Should people be worried that the number of COVID-19-related hospitalizations reported in their area might overwhelm health care systems?
Posts on social media would have you believe that there’s no cause for alarm — even if cases of COVID-19 are on the rise near you.
Tampa nurse Erin Marie Olszewski shared such a post on Instagram.
"It’s not unusual for hospitals to sit at max or near max capacity on any given day," Olszewski’s post — a screenshot of one of her tweets — reads. "The media would like you to think this is a new thing, but it’s not."
Her post on Instagram was flagged as part of Facebook’s efforts to combat false news and misinformation on its News Feed. (Read more about our partnership with Facebook.)
In an email to PolitiFact, Olszewski pointed to a Johns Hopkins University webpage with weekly hospitalization trends. The data, from the U.S. Department of Health and Human Services, spans a time period from late July 2020 to the present, and "displays the 7-day trend in overall and COVID-19-specific hospitalization occupancy data."

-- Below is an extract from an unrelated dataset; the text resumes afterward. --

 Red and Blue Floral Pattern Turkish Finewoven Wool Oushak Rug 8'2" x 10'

The numbers show a fairly steady level of occupied hospital beds over the past year. "COVID is not the reason for busy hospitals," Olszewski wrote in the email.

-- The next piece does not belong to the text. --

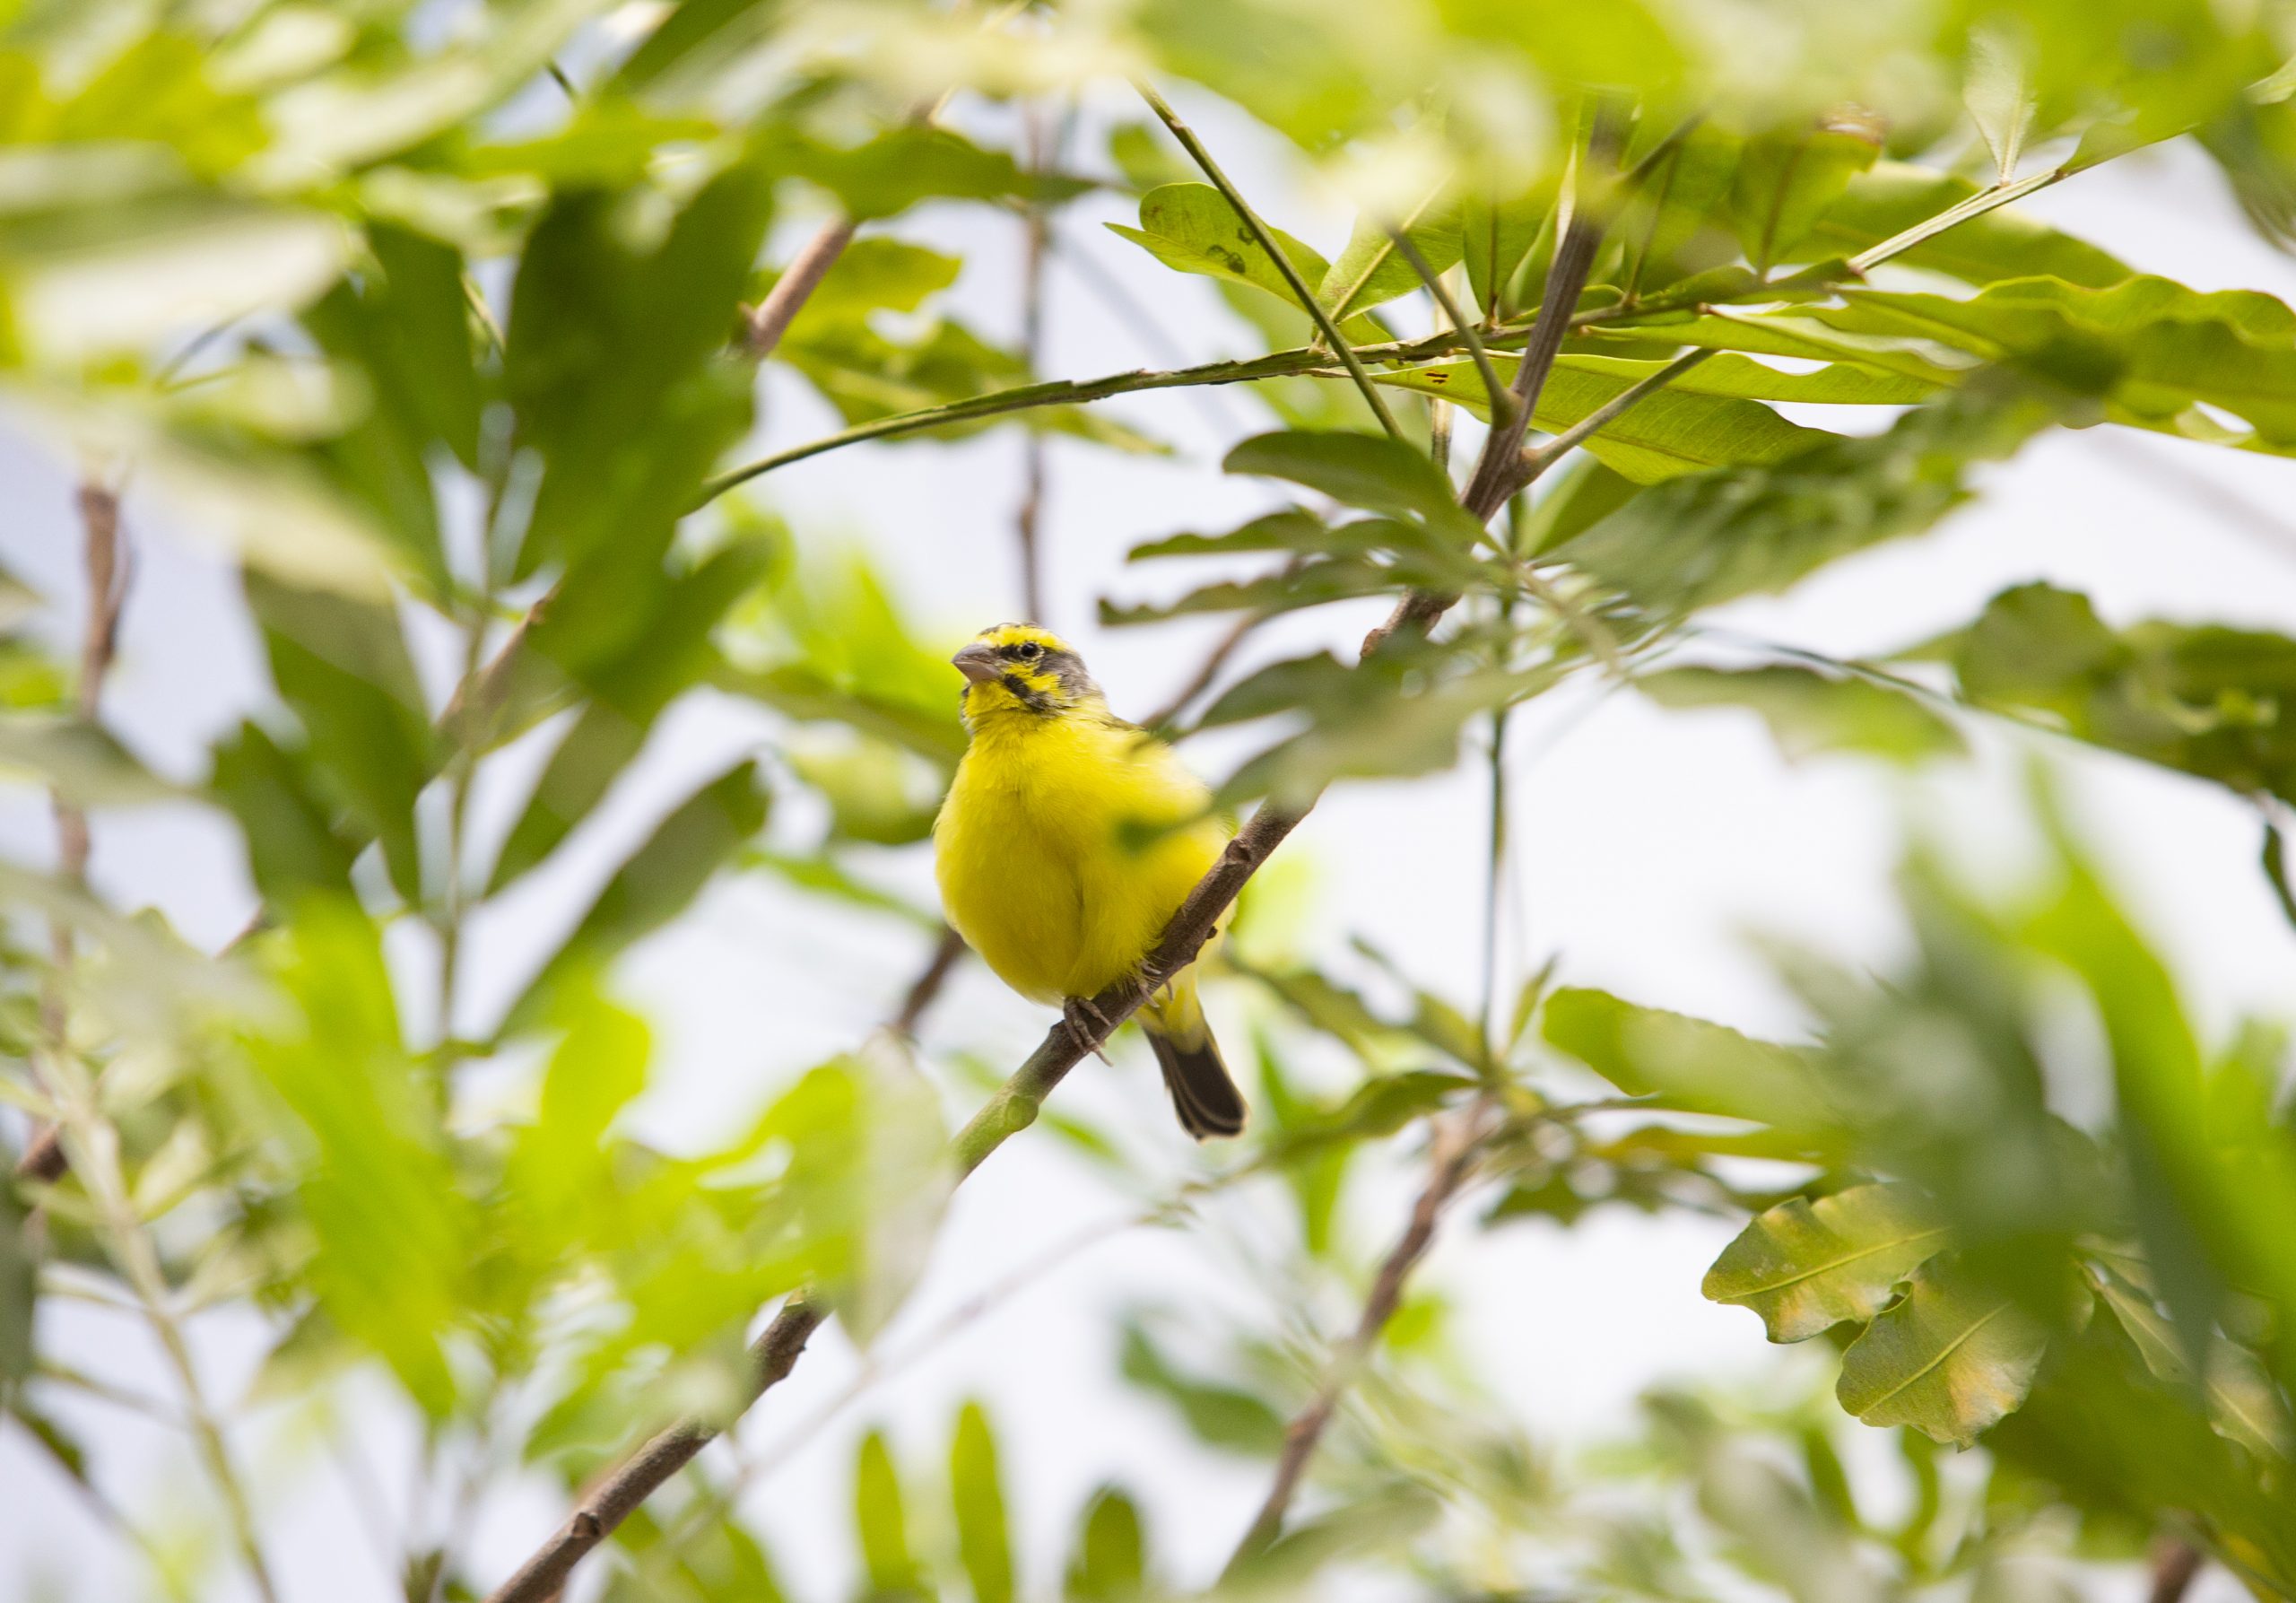 A Green Singing Finch perched on a branch

But her post suggests that the impact of rapidly increasing COVID-19-related hospitalizations is routine for health care systems. It’s not, and it’s putting an unusual strain on hospitals.
Representatives from hospital associations said it isn’t unusual for hospitals to operate close to their maximum capacity. This is because hospitals are continually adjusting their capacity based on demand.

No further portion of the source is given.